Y consecuente con tal circunstancia, se apoyó parcialmente en una sentencia de la H. Corte, conforme a la cual, sin haberse acreditado el examen médico de ingreso, no cabe la indemnización por la no expedición de la certificación médica de egreso. “Empero, el hecho evidente, manifiesto, es que la certificación no estimada por el Tribunal, si obra en el proceso y, como tal genera consecuencias legales.

“La mas importante: Excluye la mala fe sobre la cual cabria la indemnización reclamada. Porque lo trascendente no es sólo la ausencia del certificado de ingreso para que prospere la sanción en ausencia de la certificación de egresos si no que es condición sine quanon, acreditar la mala fe a cargo del empleador.

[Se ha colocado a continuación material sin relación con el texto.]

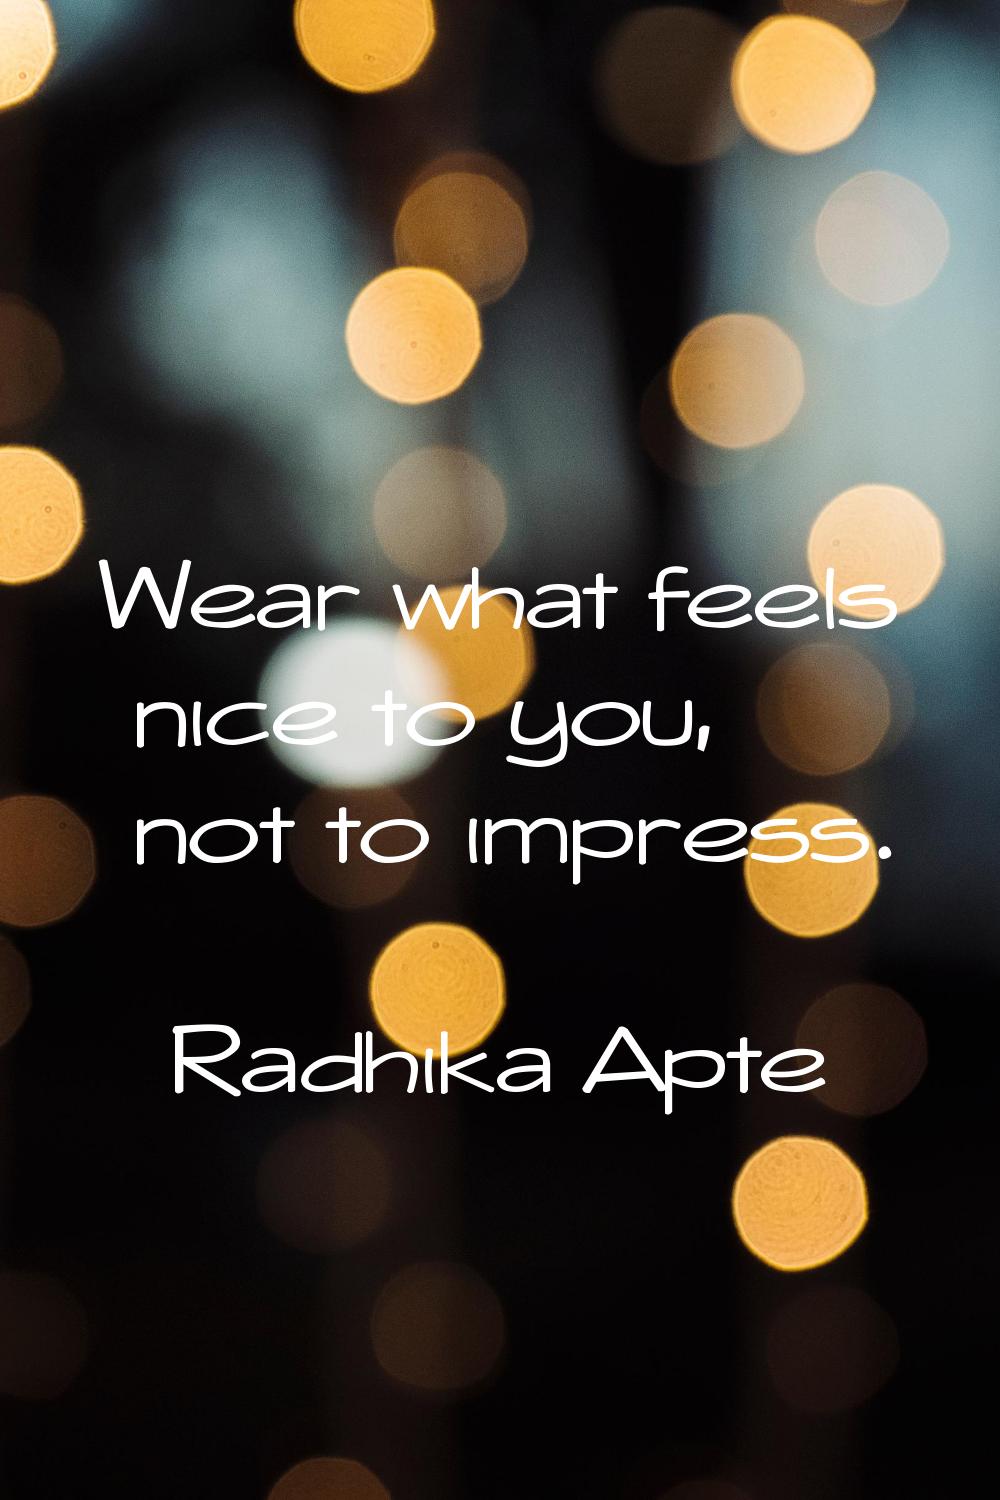 Wear what feels nice to you, not to impress.

Situación ésta que, en el presente caso, carece de toda posibilidad de mala fe por parte de COLPUERTOS, toda vez que, como expresamente lo reconoce el recurrente, en el expediente obra, a folio 18, la referida certificación de egreso; lo mismo que a folio 55.

“Queda, entonces, claro, que aportadas al informativo una y otra certificación, no puede prosperar el presupuesto de mala fe apuntada a sustentar indemnización por mora por una supuesta no entrega del certificado médico de retiro. “En el caso sub-lamine no se configuró mora alguna y este evento excluye, como ya lo dije, cualquier mala fe y obviamente, sanción de alguna naturaleza.

Ciertamente la providencia acusada no sólo ignora la existencia del primer certificado, si no que cae en la trampa de desestimar la segunda certificación de egreso, seguramente por la expresa y reiterada reclamación de la misma, como apoyo de una presunta mora generadora de indemnización. Empero, tal situación -desvirtuada con plena prueba- no puede conducir a aceptar las pretensiones de la demanda.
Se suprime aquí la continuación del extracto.